I recently swapped my pop up spray heads with mp rotators. They work well, but I notice a clicking sound inside when I turn them on. It seems to stop if I have flush nozzle attached to one of the sprinklers in the zone so I'm guessing it is pressure related? My other that I switched to mp rotators from rotors/pop up sprays don't have this issue.

Also, I recently fixed a 1 inch poly pipe in this zone which I noticed was 1 inch poly pipe adapted to a 1/2 inch Rain Bird swing pipe to another 1 inch poly pipe (I have no idea why). I patched it with a new swing pipe since it started leaking out of one end, but I don't think this was done correctly? It seems like someone repaired it incorrectly at some point and maybe that awkward spot is causing issues and the constant leaks I'm getting in this zone around swing pipes.


----------



## hsvtoolfool (Jul 23, 2018)

How loud are the "clicks"? Are they always the same? Are the clicks random (like microwave popcorn) or is there a regular pattern?
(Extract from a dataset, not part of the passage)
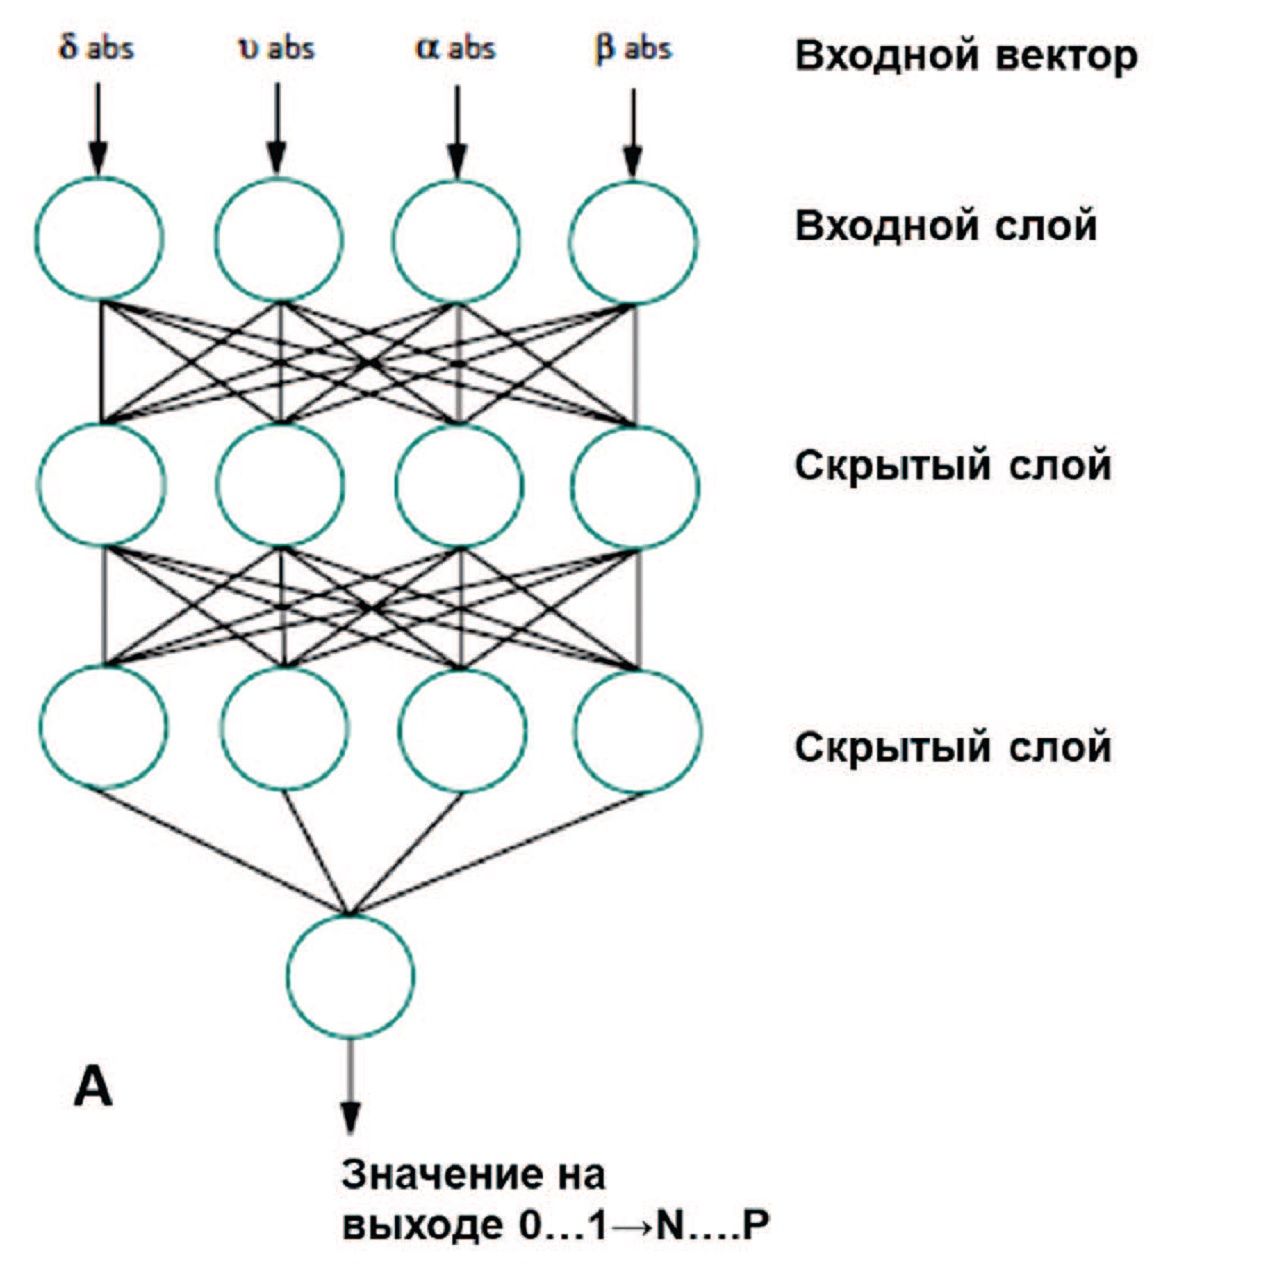 Архитектура нейронной сети, использованная для классификации МКБ

Since the noise happens when the valve opens, I don't think this is water hammer. My best guess is that your heads don't have check-valves. If so, the pipes may drain after the valve closes. When the valve opens the next time, water rushes into the pipes. This makes some noise as the air is forced out. The vibrations may be carried back via the pipes. Or perhaps the pressure changes cause the backflow preventer to activate and the clicks are coming from that device.


----------



## mot359 (Sep 28, 2019)

hsvtoolfool said:


> How loud are the "clicks"? Are they always the same? Are the clicks random (like microwave popcorn) or is there a regular pattern?
> 
> Since the noise happens when the valve opens, I don't think this is water hammer. My best guess is that your heads don't have check-valves. If so, the pipes may drain after the valve closes. When the valve opens the next time, water rushes into the pipes. This makes some noise as the air is forced out. The vibrations may be carried back via the pipes. Or perhaps the pressure changes cause the backflow preventer to activate and the clicks are coming from that device.


Consistent random clicking like popcorn sounds right. I use the PRS40 bases from Hunter and haven't noticed this before the pipe repair. Maybe air got in and stuck and I just need to do a really good flush with the flush caps?


----------



## hsvtoolfool (Jul 23, 2018)

Sounds good.


----------



## mot359 (Sep 28, 2019)

That fixed it! I guess I didn't leave it on long enough when trying that yesterday or didn't use flush nozzles on enough heads (used on last three in zone instead of just the last one this time).


----------